[INFORMATION PROVIDED]
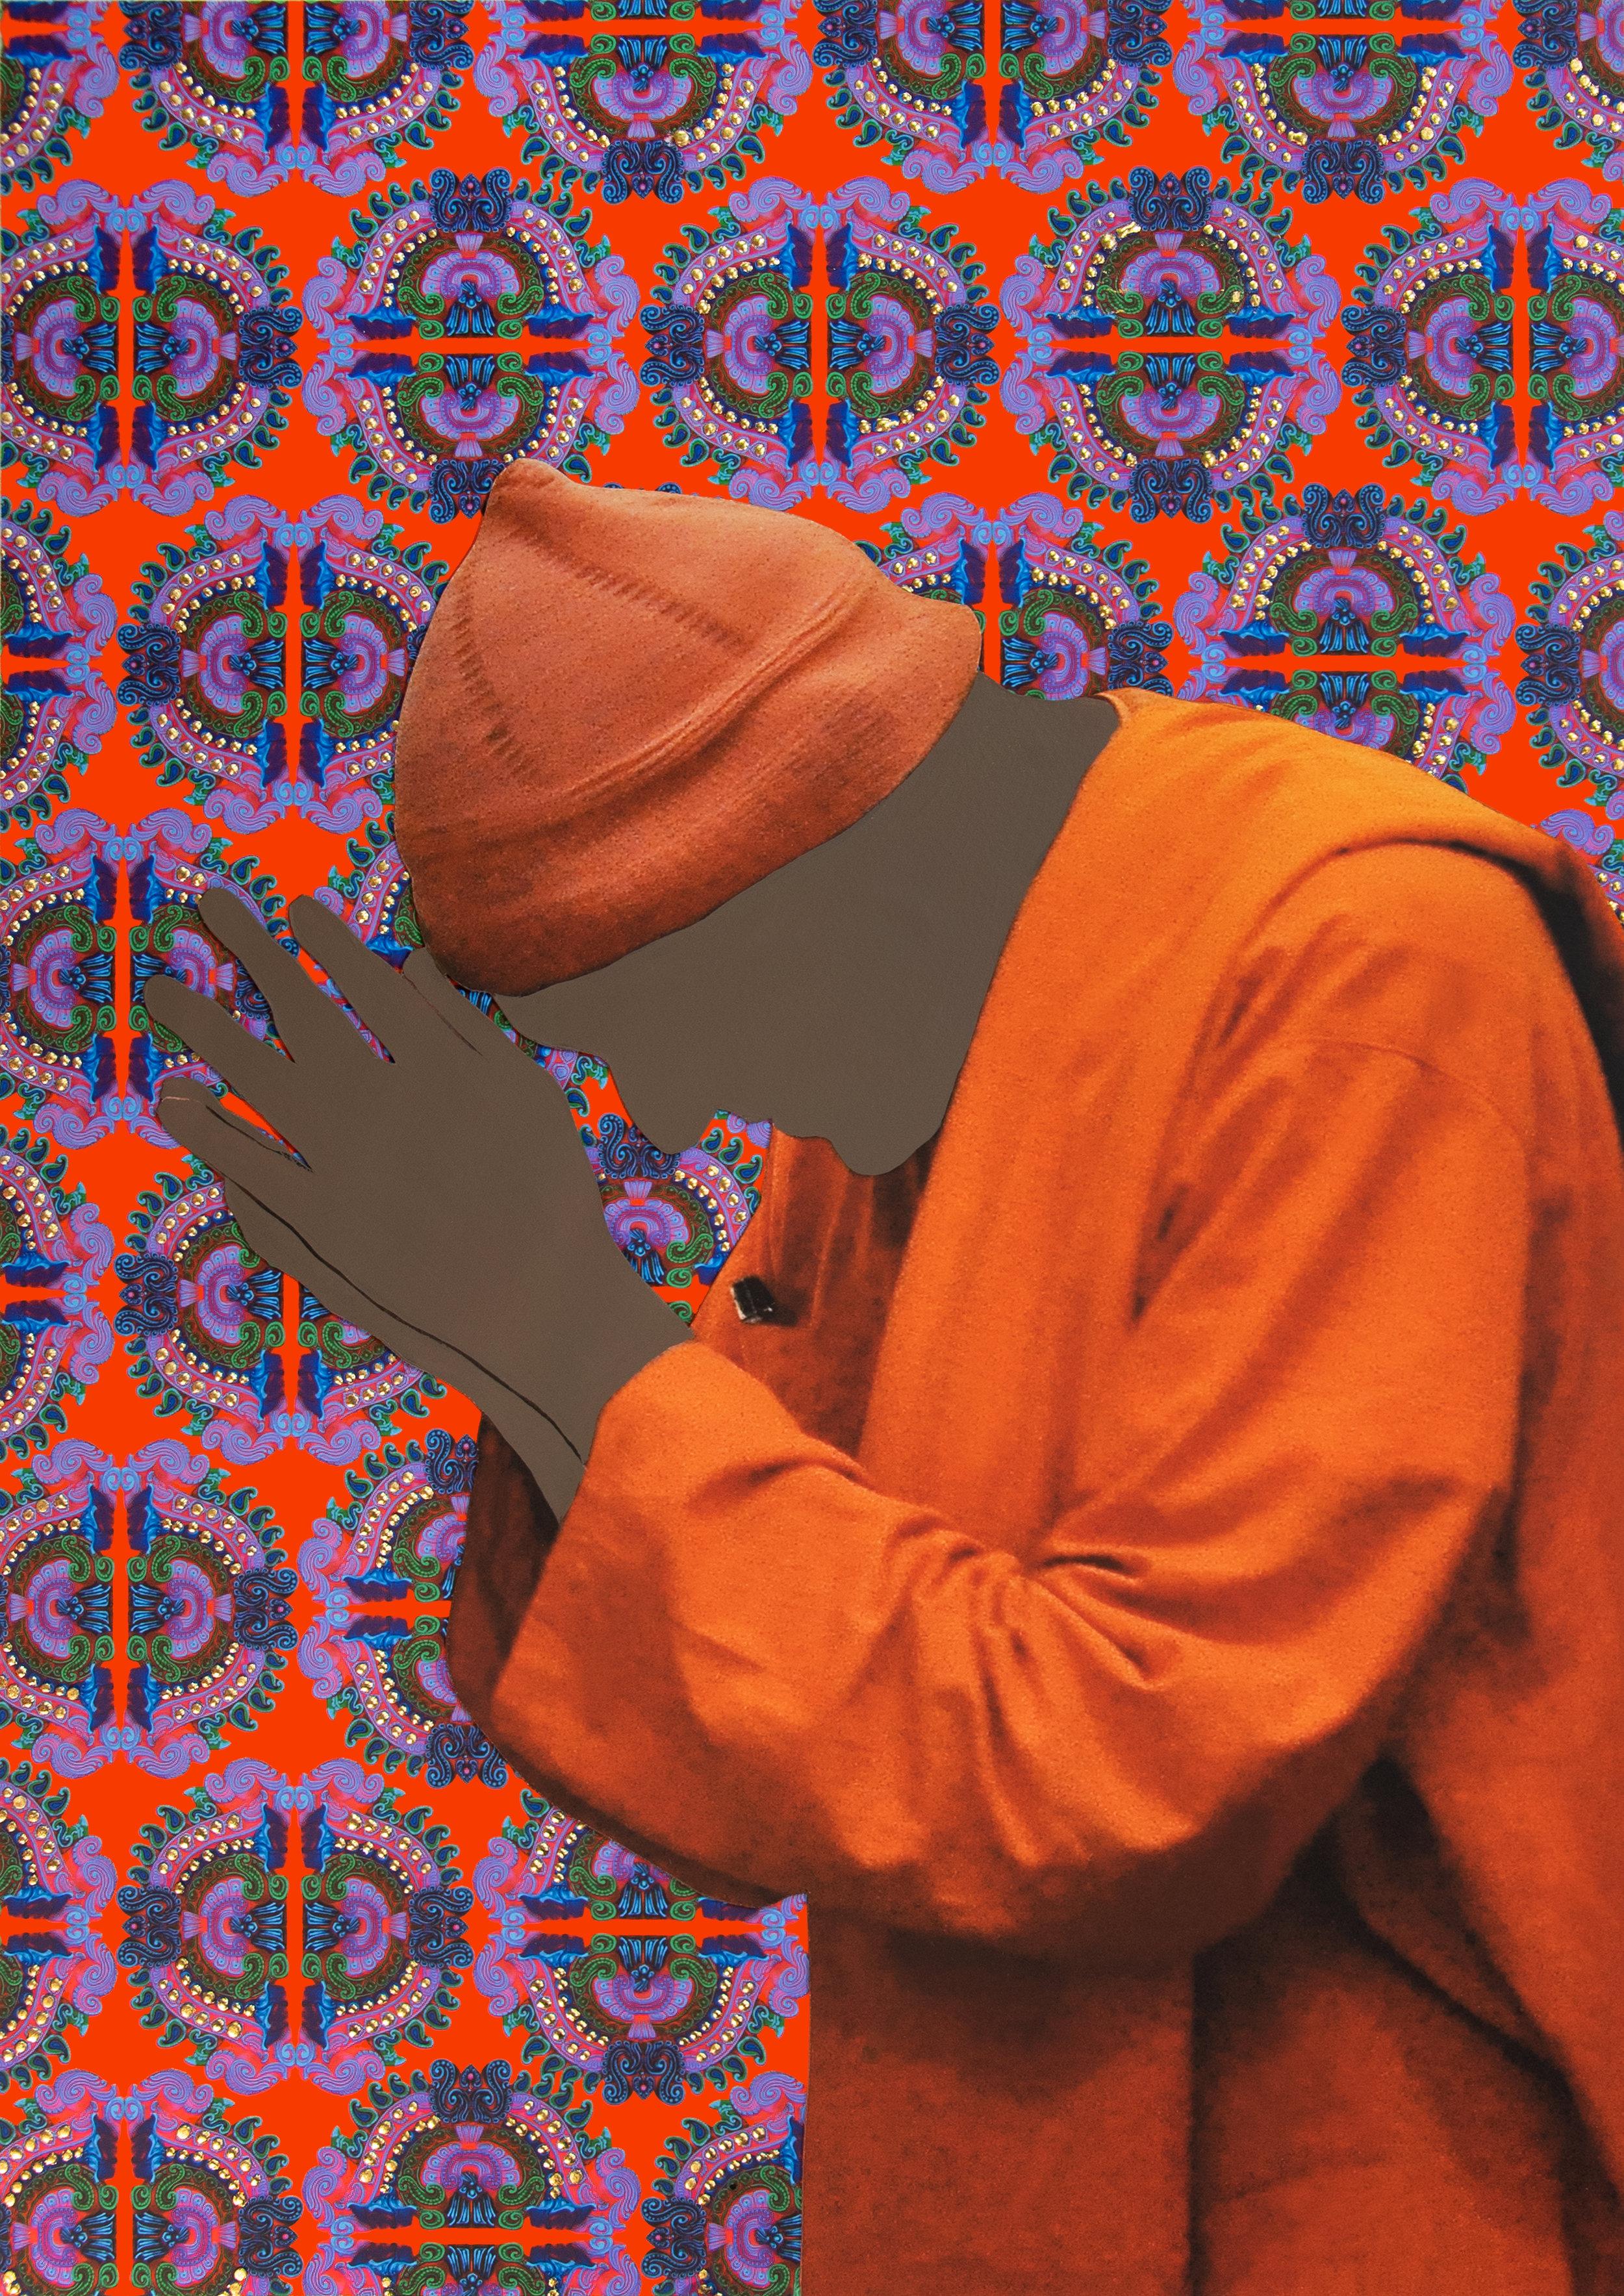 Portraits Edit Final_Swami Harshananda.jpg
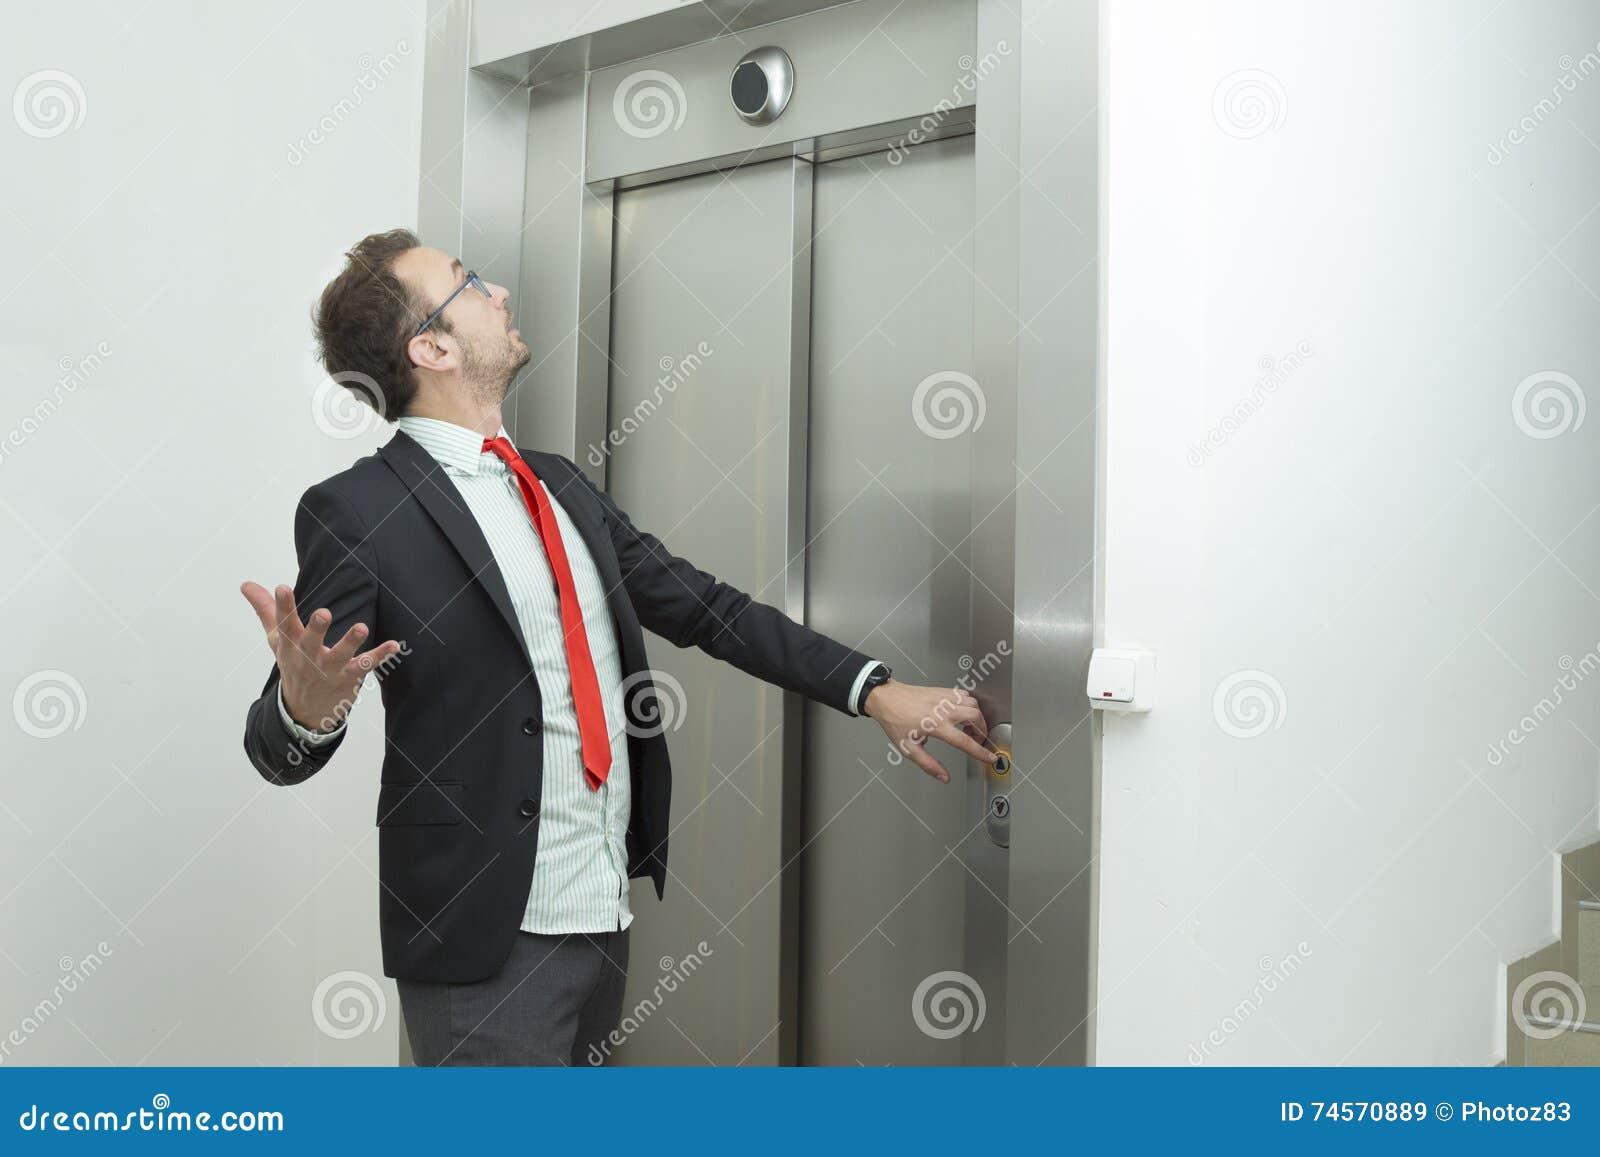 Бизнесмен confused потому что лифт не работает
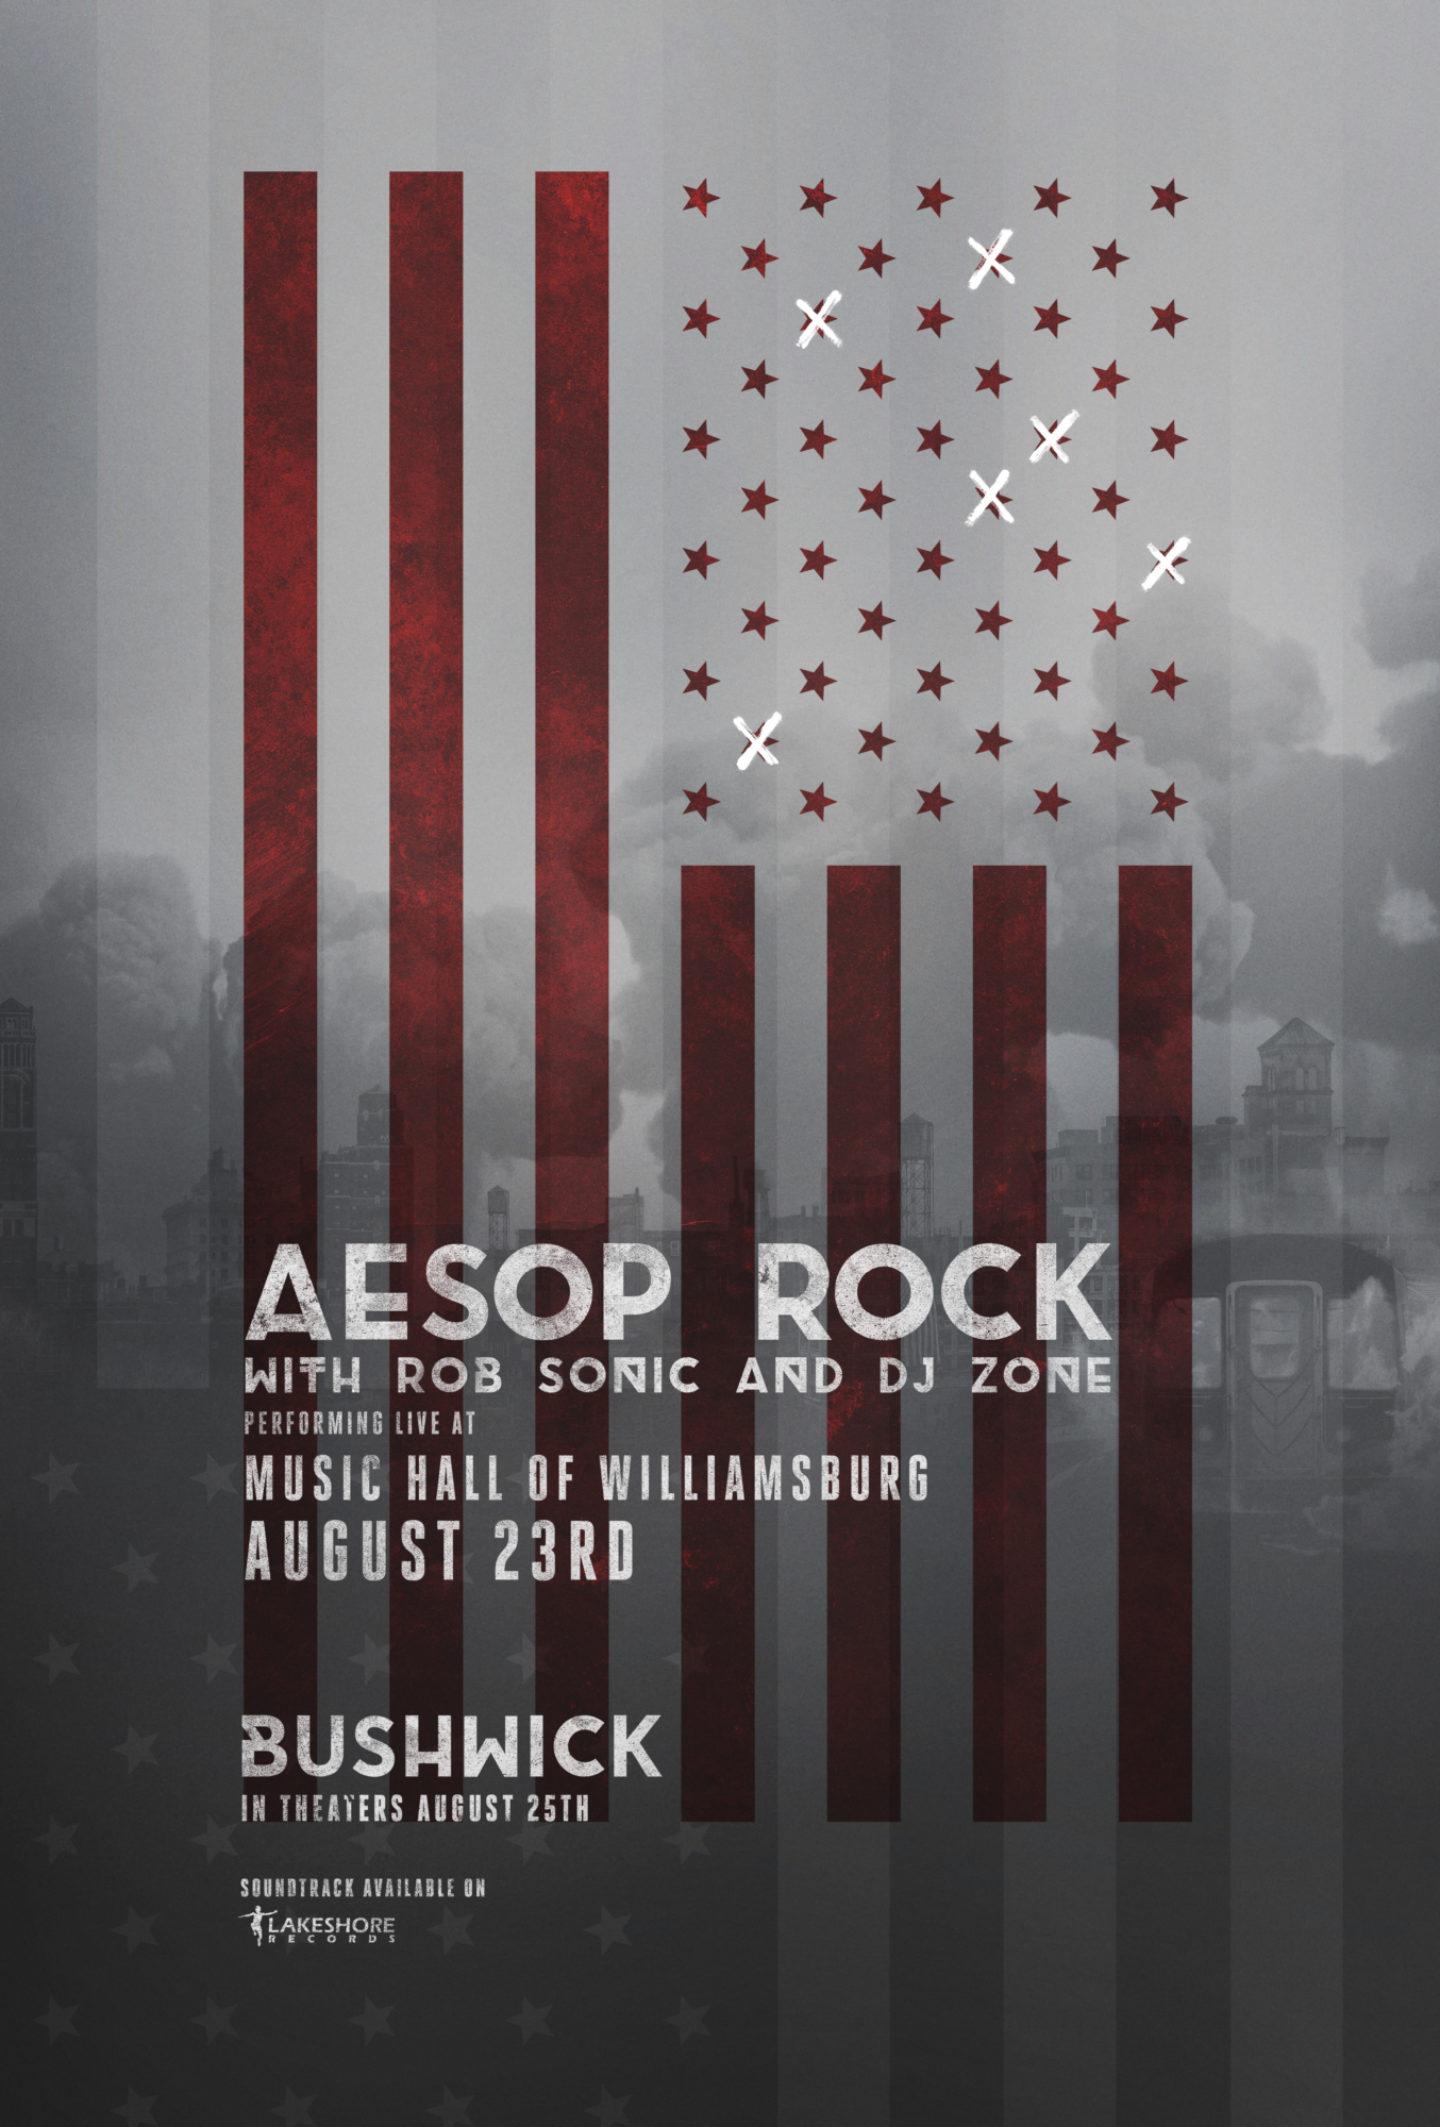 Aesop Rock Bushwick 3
[/INFORMATION PROVIDED]
Restate all the material verbatim; omit every picture.

> **RESULT**:
 Portraits Edit Final_Swami Harshananda.jpg
 Бизнесмен confused потому что лифт не работает
 Aesop Rock Bushwick 3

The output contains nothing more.